TASK GOAL:
The line with "Bild 1 von Rowenta" marks where to begin; print it and all lines after it in the material below exactly, skipping pictures.

MATERIAL PROVIDED:
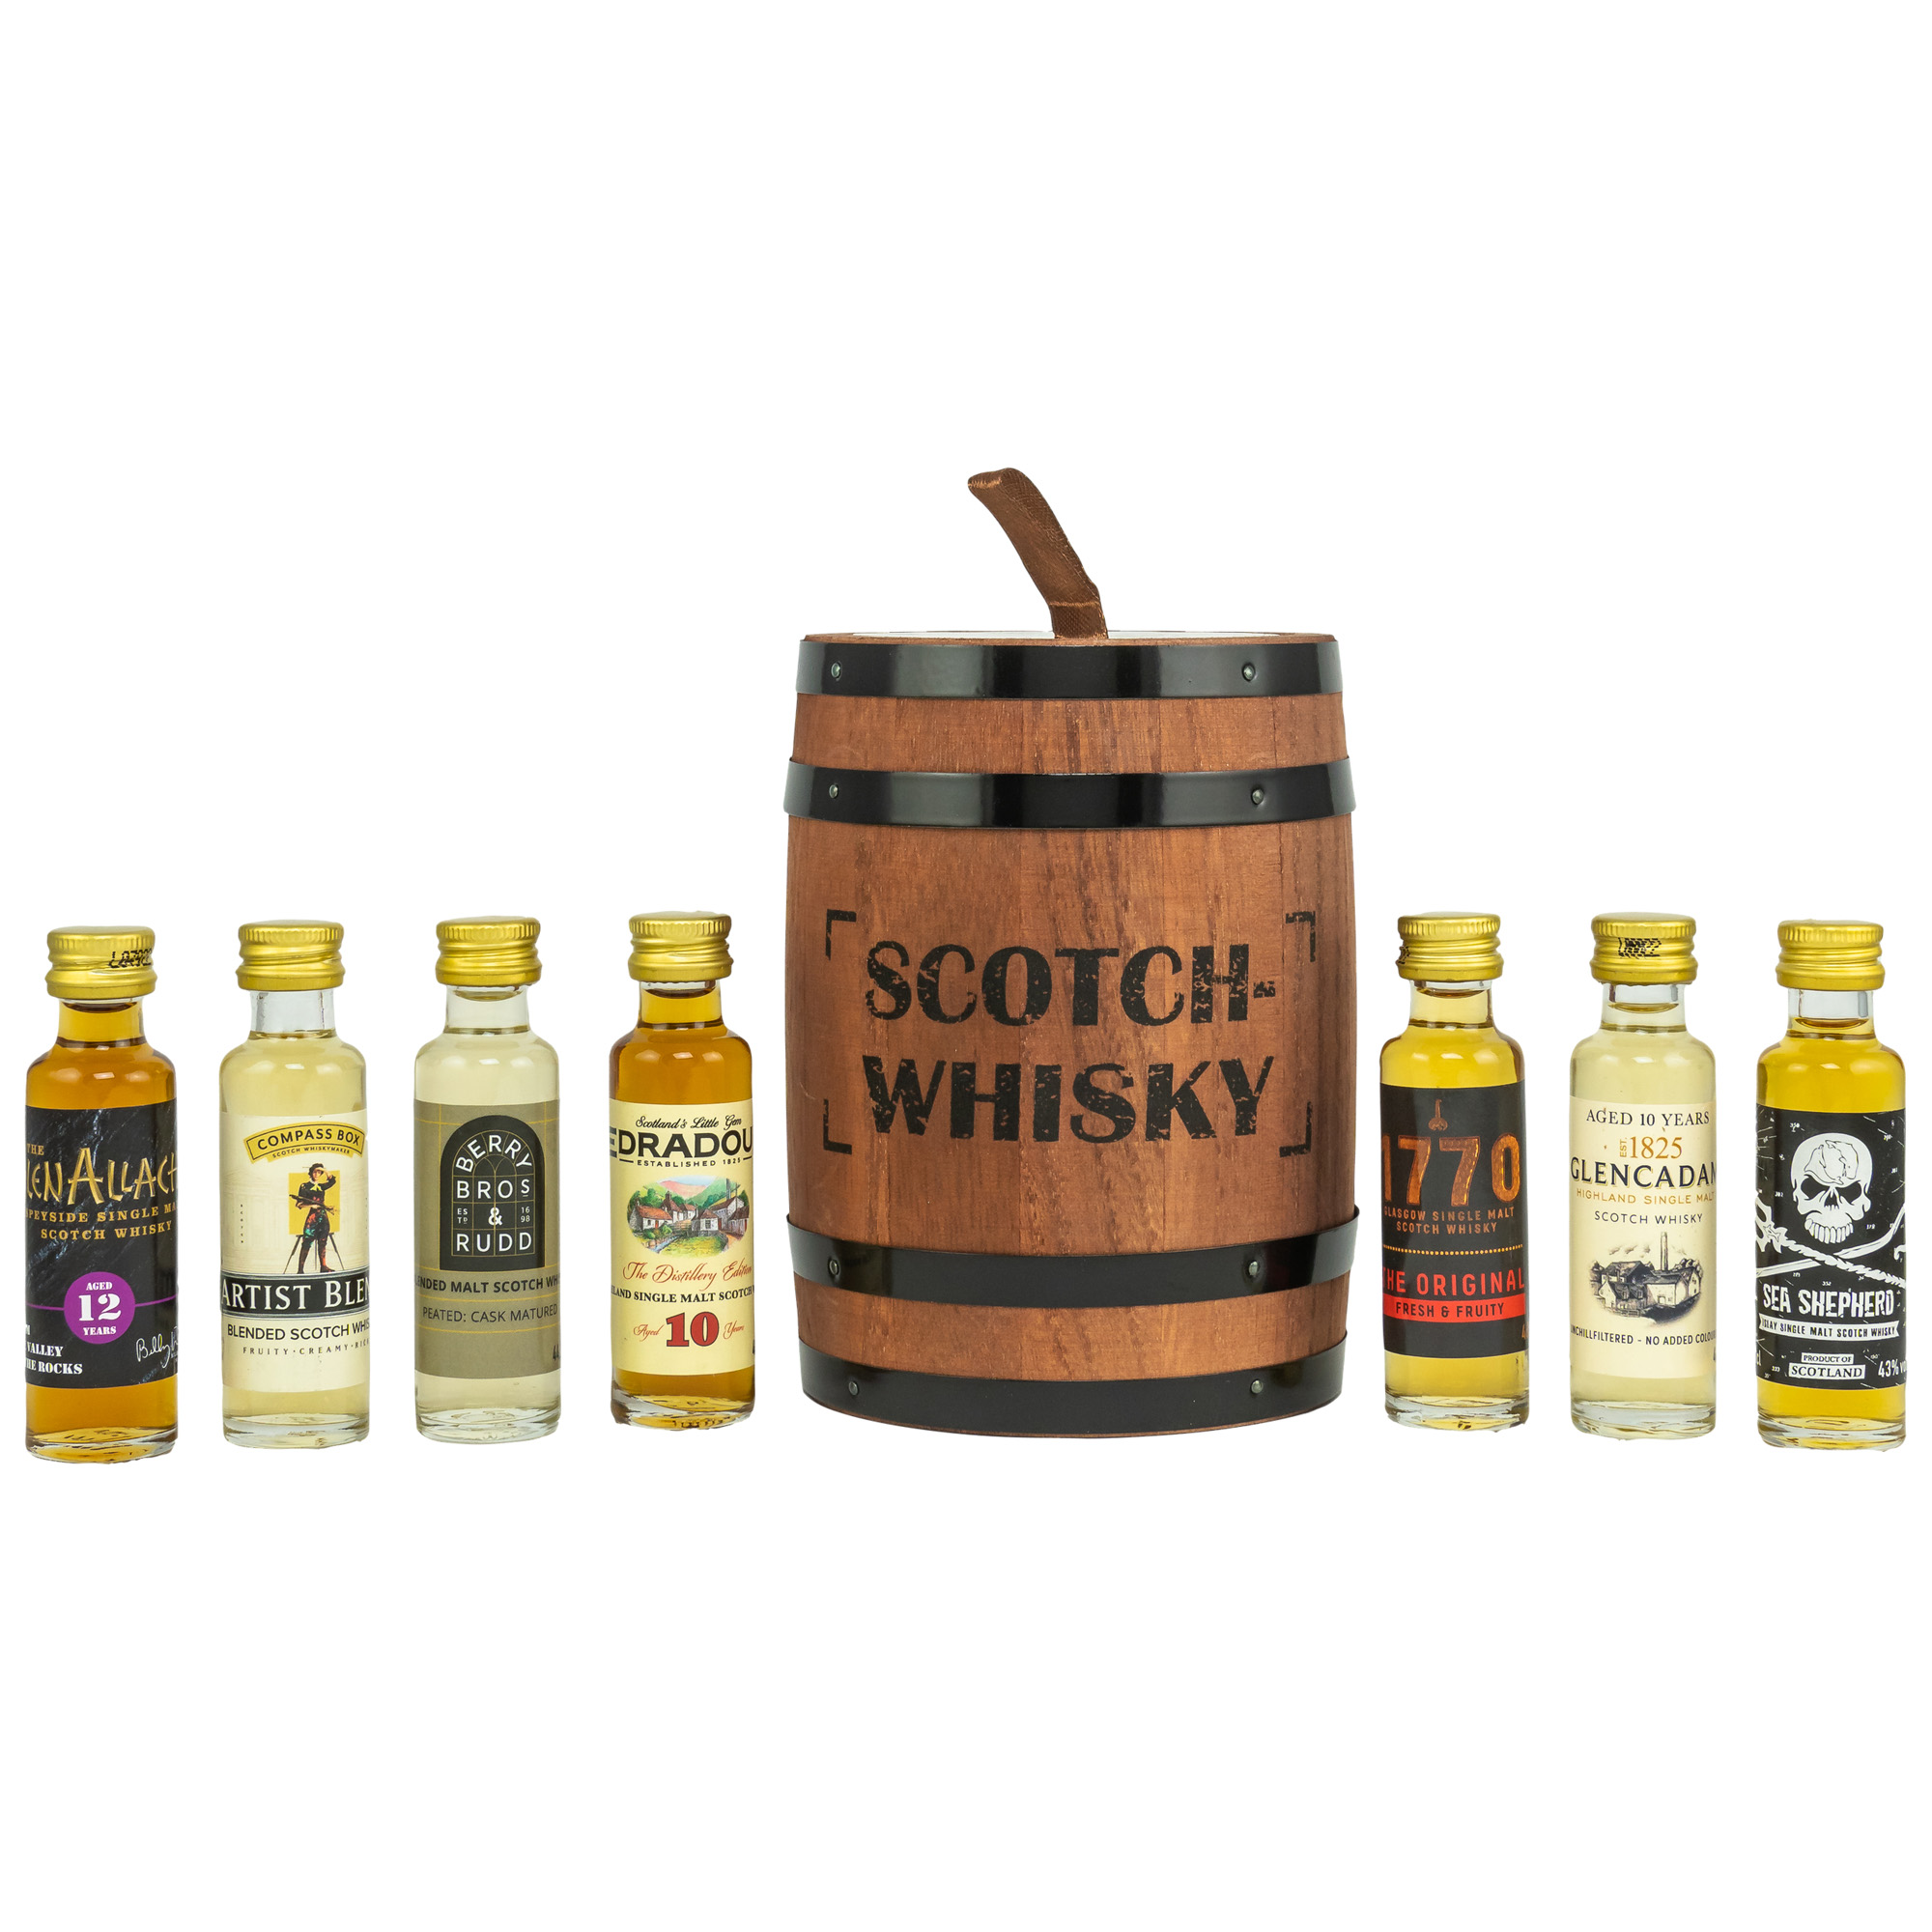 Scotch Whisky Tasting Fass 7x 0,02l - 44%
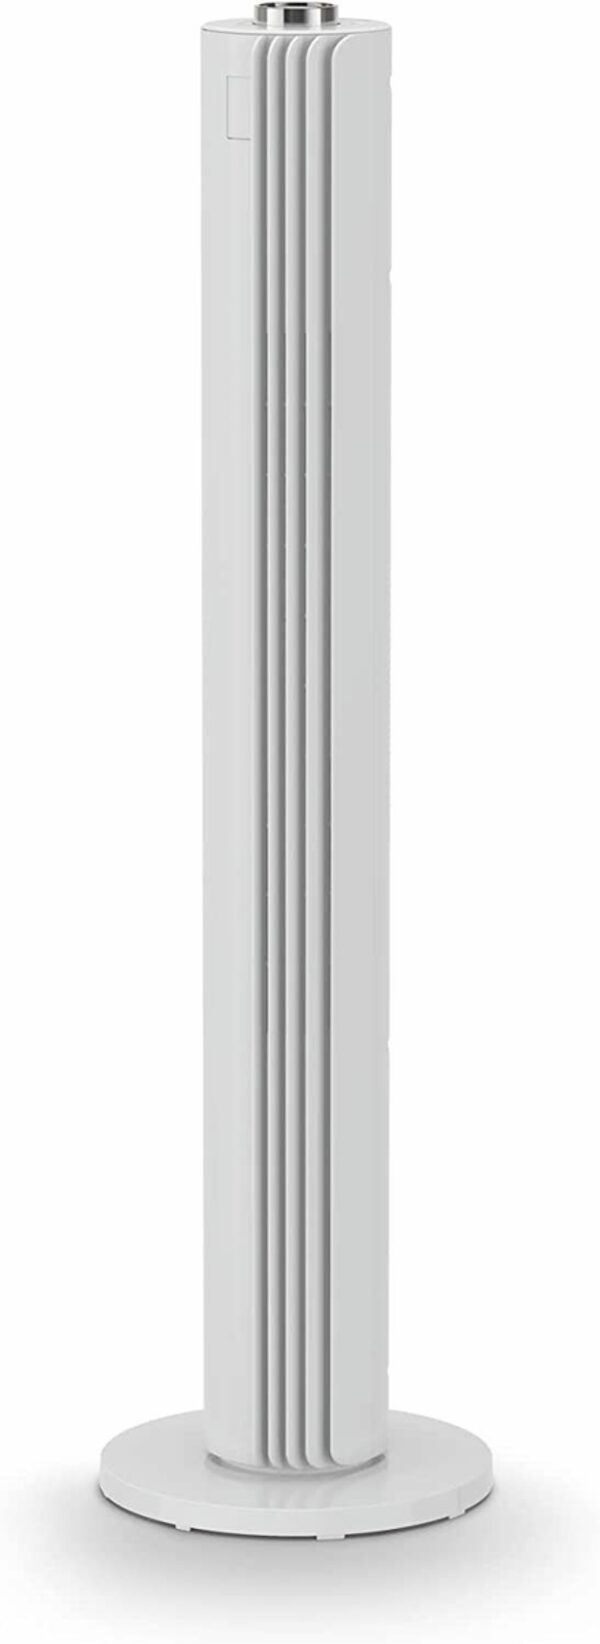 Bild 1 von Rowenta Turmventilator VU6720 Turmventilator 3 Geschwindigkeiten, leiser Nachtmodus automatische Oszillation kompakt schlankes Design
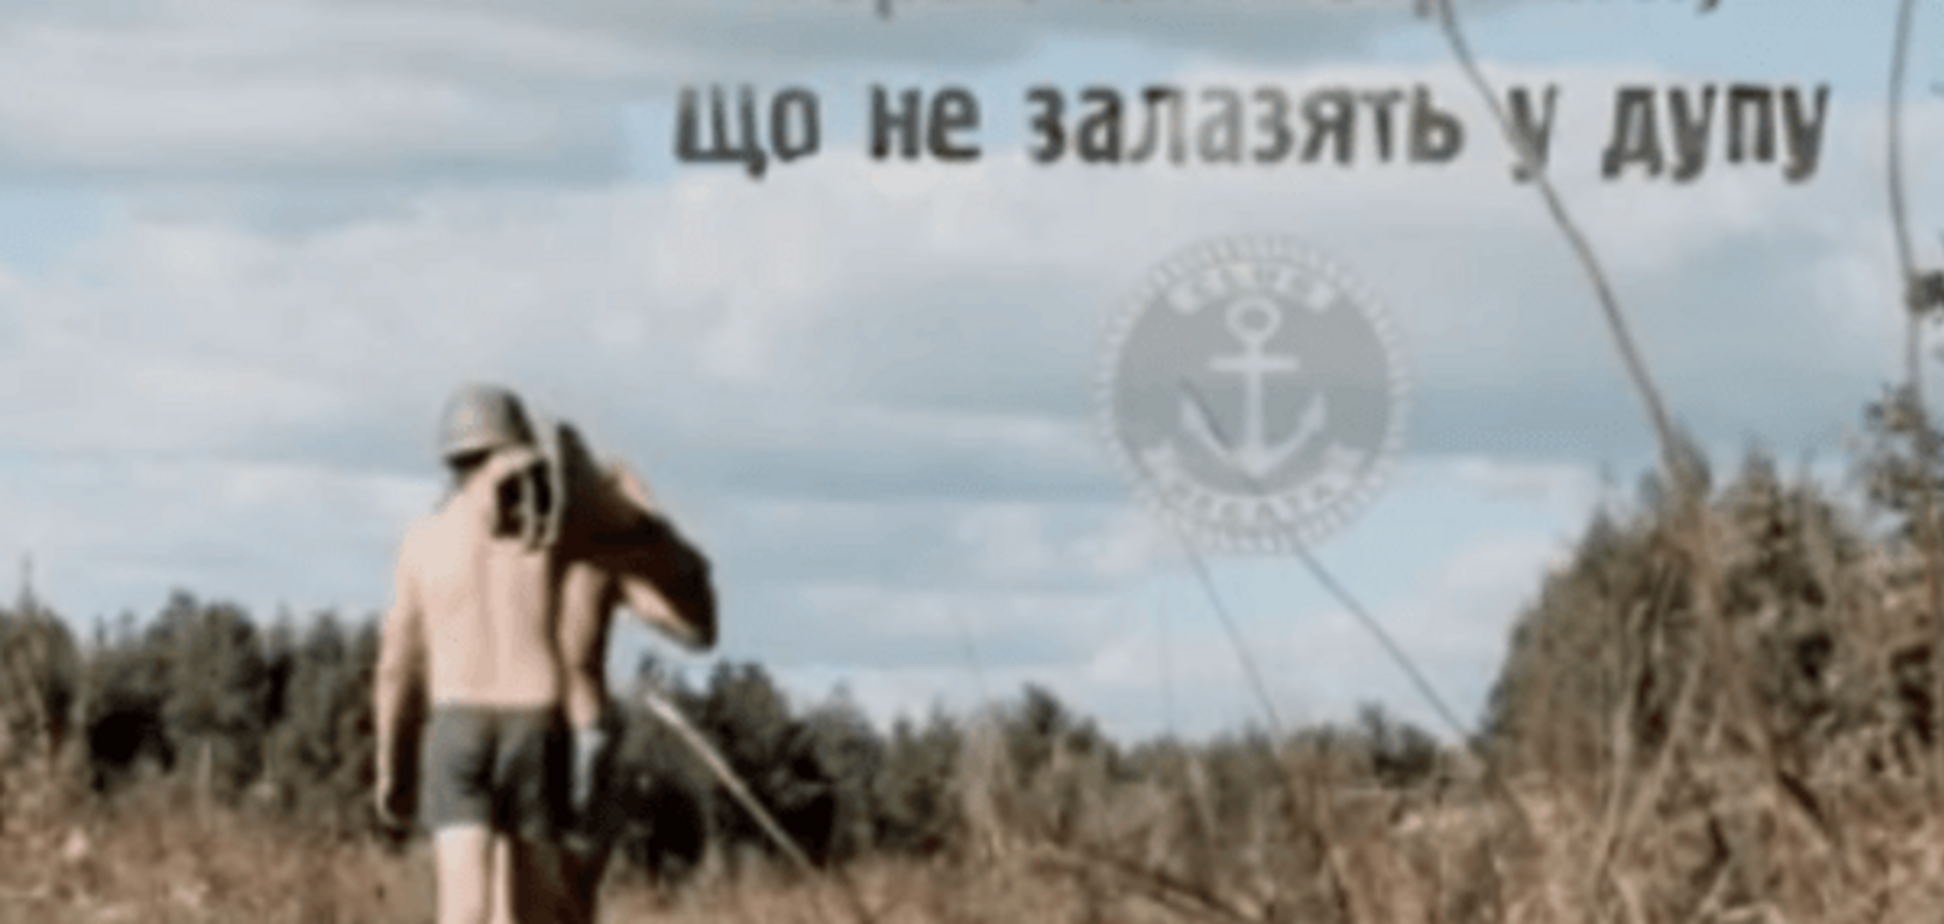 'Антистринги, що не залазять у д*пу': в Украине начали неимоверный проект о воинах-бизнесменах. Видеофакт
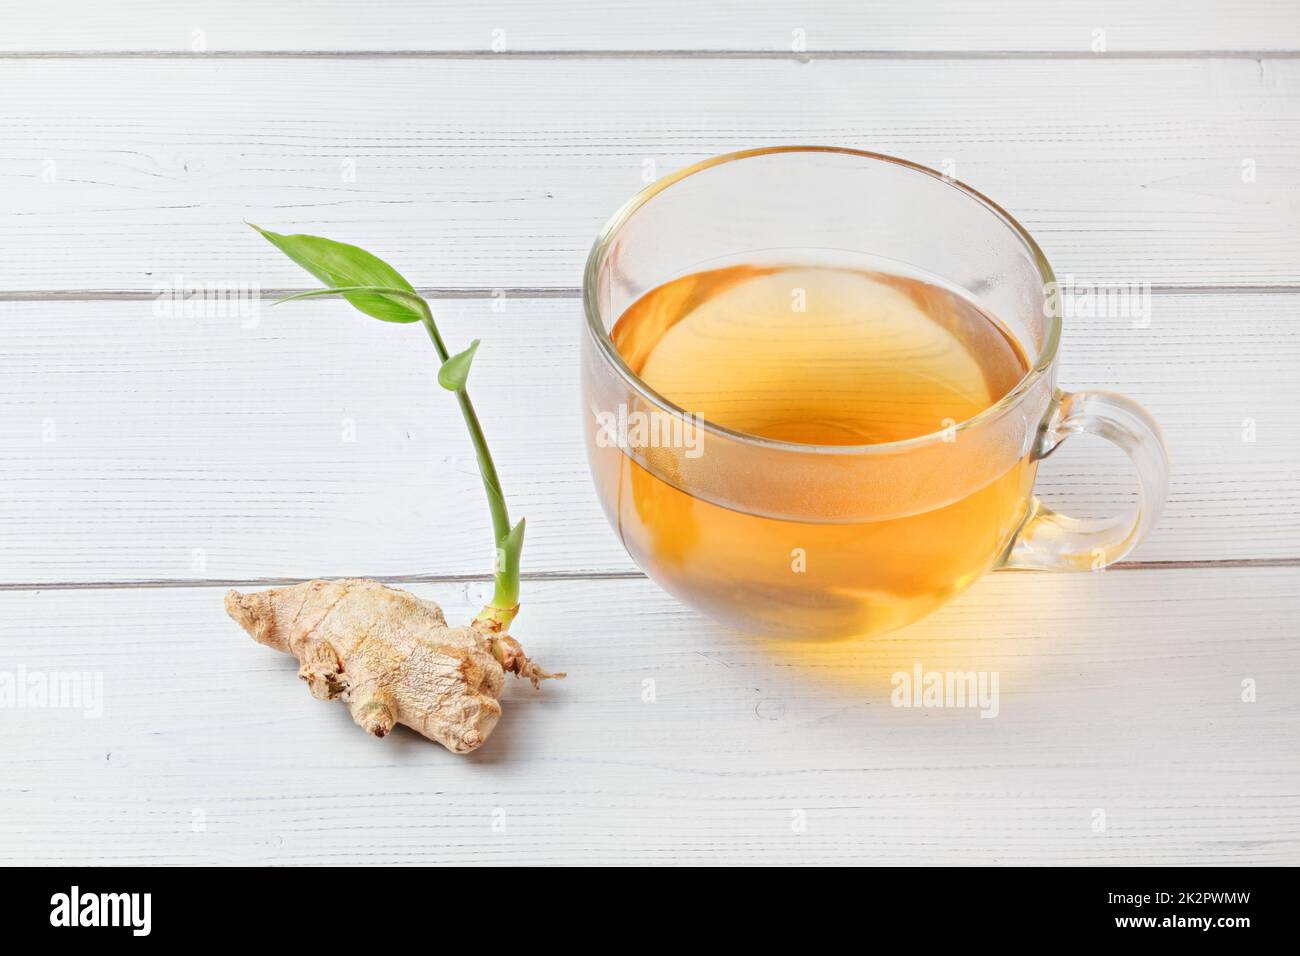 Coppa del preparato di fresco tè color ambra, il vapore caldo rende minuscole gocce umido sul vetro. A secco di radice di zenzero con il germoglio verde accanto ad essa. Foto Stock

THE ANSWER:
 Bild 1 von Rowenta Turmventilator VU6720 Turmventilator 3 Geschwindigkeiten, leiser Nachtmodus automatische Oszillation kompakt schlankes Design
 'Антистринги, що не залазять у д*пу': в Украине начали неимоверный проект о воинах-бизнесменах. Видеофакт
 Coppa del preparato di fresco tè color ambra, il vapore caldo rende minuscole gocce umido sul vetro. A secco di radice di zenzero con il germoglio verde accanto ad essa. Foto Stock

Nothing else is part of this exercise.